Thursday, September 13, 2007

What really matters

As we're entering the fire season here in southern California, I remember the first time we lived through it about four years ago. This photo shows the view from our back yard. By nightfall, the flames glowed through the smoke.

Watching the fire from my second-story bedroom window, I could see the bright orange-red flames outline the ridges. Every time I looked out the window, the fire seemed to be getting closer and closer. Then I heard that the homes higher up the hill than mine were being evacuated. Our street, only a few blocks south, was under voluntary evacuation. Jack was working late and I called him to come home. The police were guarding all the streets into our neighborhood and would let people leave but not to enter. Jack left his Jeep at the police barricade and snuck past them to walk the couple of miles to our home. We decided to pack our necessities into our car so we could be ready to leave if the authorities evacuated our street as well.

As we went through our house to grab what we needed, I realized that the things that I would pack if I were leaving town for the weekend—clothes, diapers, toothpaste, and such—was not the things I wanted to pack now. I wanted our family photos. I took the wedding photos off the wall—the ones that instantly transport me to that day when I looked into my husband’s eyes and saw the depth of his love as he recited the vows he wrote for me. I grabbed the photo albums that contained pictures of fun times with our friends, images of grandparents that had passed away, and portraits of our families throughout the years. I gathered up the discs that had all the digital snapshots we had taken the past year documenting Owen’s life.

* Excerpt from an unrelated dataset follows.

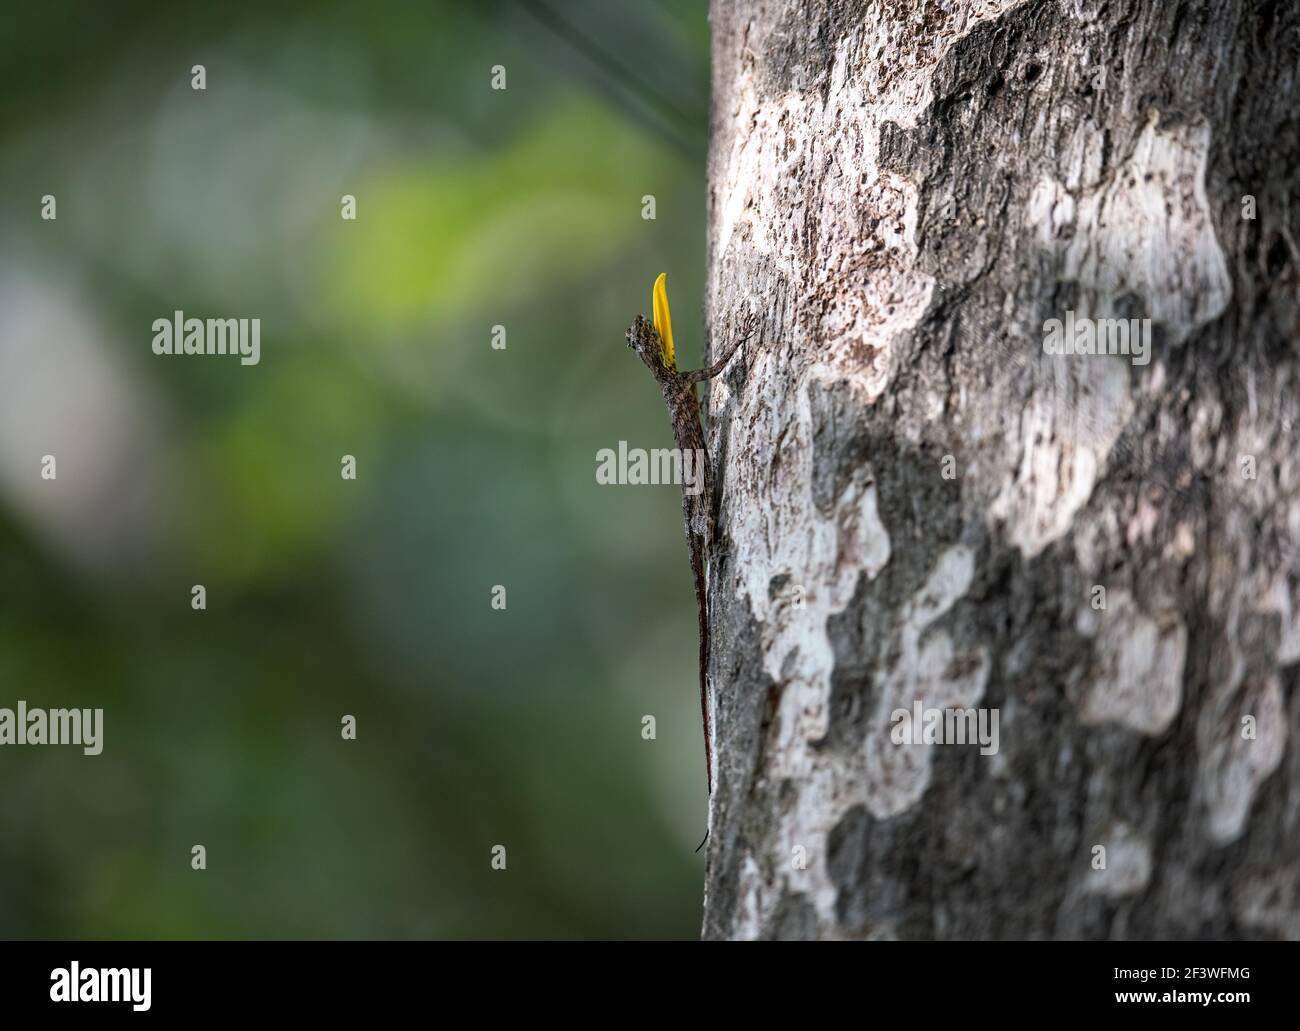 An intensified curious stare? Draco, Indian flying lizard, Western Ghats flying lizard, southern flying lizard Stock Photo

It turned out that our street was never evacuated and no home on our part of the hillside was lost. Many weren't so lucky. Several homes and thousands of acres of woodland was burned. But that experience continues to serve as a poignant reminder of what is truly important. First, the safety of my family. I would have watched those precious photos burn rather than lose my husband or my son. Second, since we had time, we chose to save the most important items we had, and those were not the most expensive items we owned, but the most meaningful—our family photos.